### Supplied information
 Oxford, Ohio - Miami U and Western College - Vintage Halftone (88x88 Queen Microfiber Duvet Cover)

...

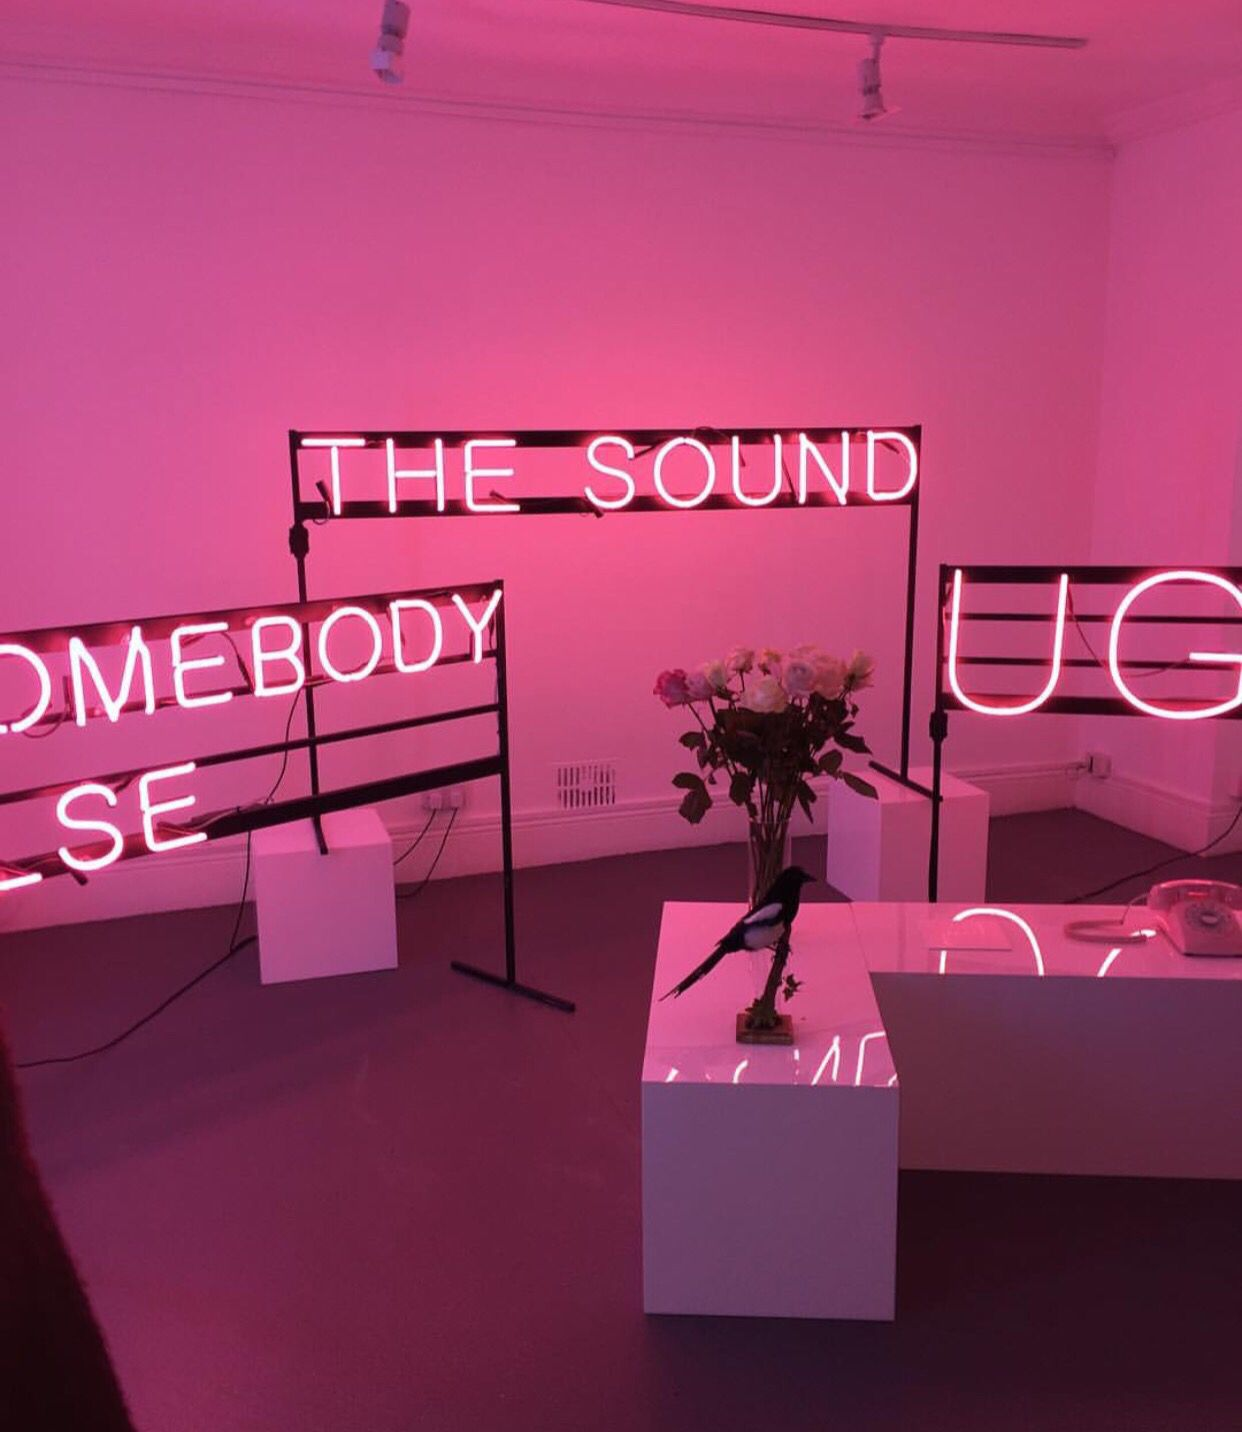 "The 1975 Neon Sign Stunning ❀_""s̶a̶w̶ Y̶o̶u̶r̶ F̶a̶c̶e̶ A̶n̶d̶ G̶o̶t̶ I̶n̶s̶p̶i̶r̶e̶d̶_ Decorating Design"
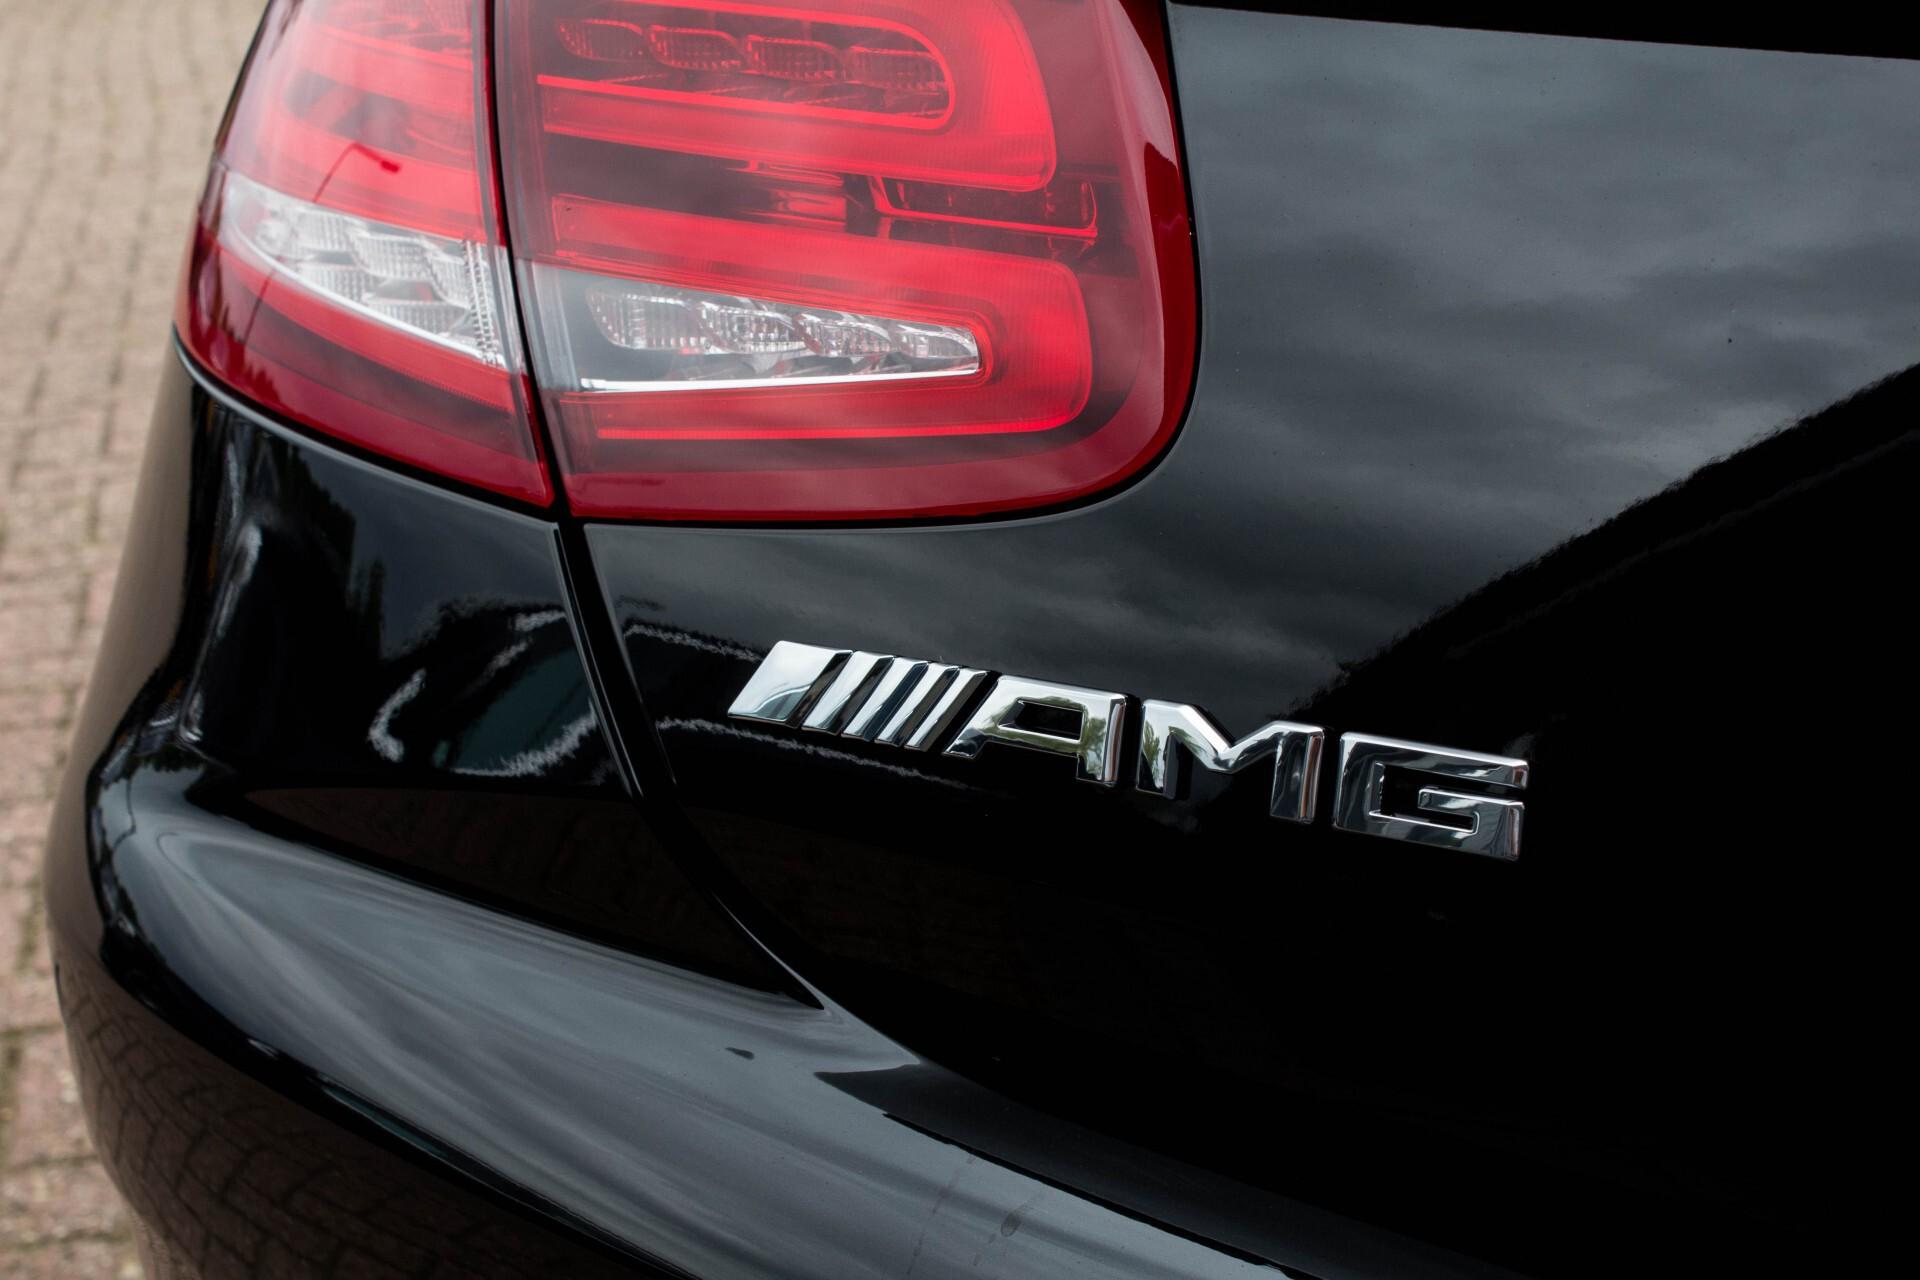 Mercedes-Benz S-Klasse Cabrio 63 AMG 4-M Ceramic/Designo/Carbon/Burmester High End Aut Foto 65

==

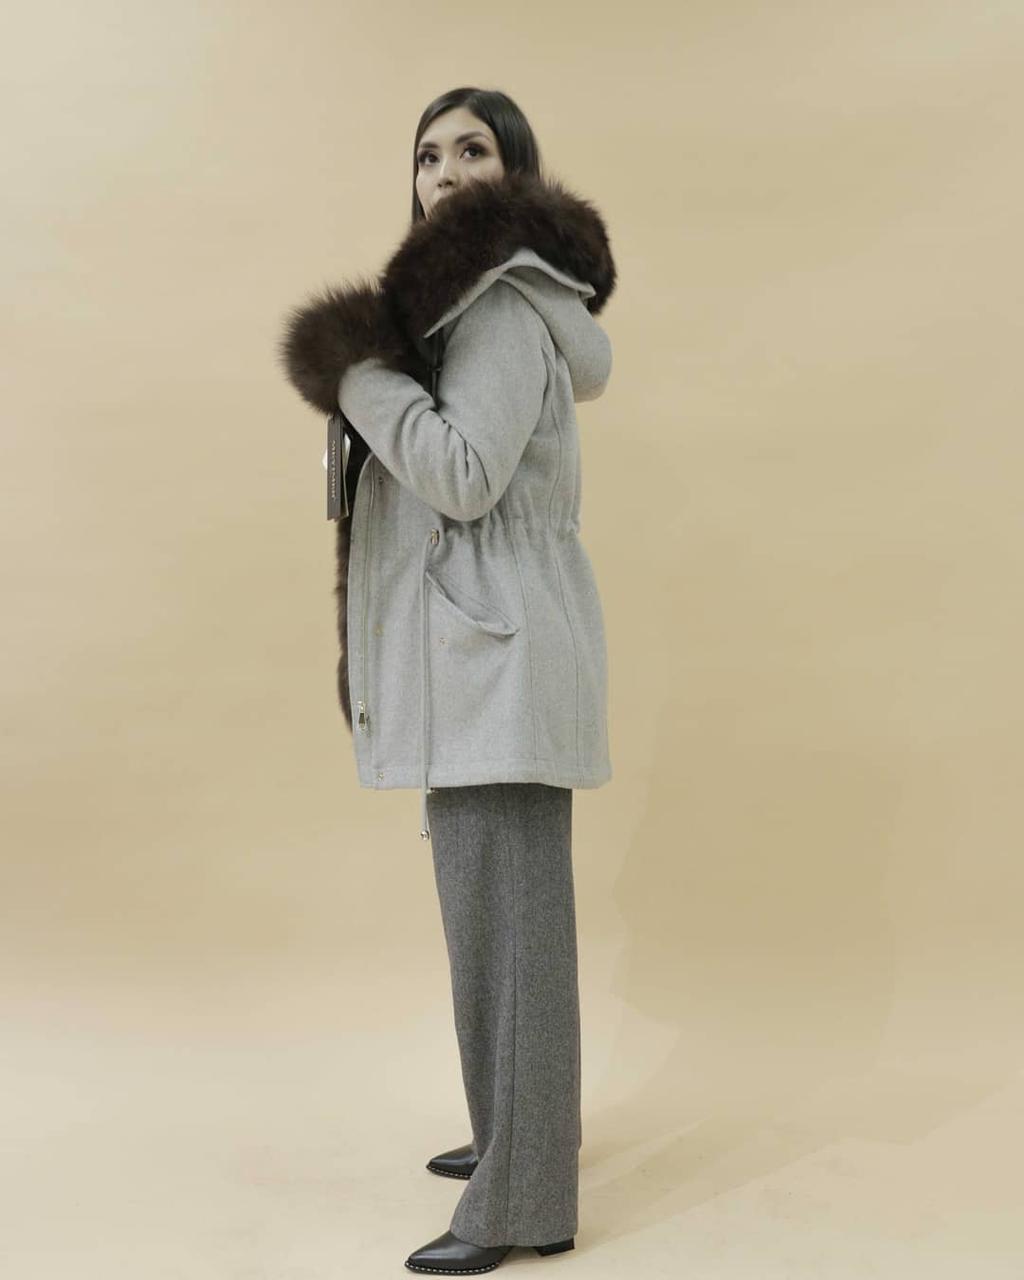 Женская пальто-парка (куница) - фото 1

### Work task
When copying from the data above, print only the lines from the line containing "1975 Neon Sign" to the line containing "Mercedes-Benz S-Klasse Cabrio", exactly, and leave the pictures out.

### Answer space
 "The 1975 Neon Sign Stunning ❀_""s̶a̶w̶ Y̶o̶u̶r̶ F̶a̶c̶e̶ A̶n̶d̶ G̶o̶t̶ I̶n̶s̶p̶i̶r̶e̶d̶_ Decorating Design"
 Mercedes-Benz S-Klasse Cabrio 63 AMG 4-M Ceramic/Designo/Carbon/Burmester High End Aut Foto 65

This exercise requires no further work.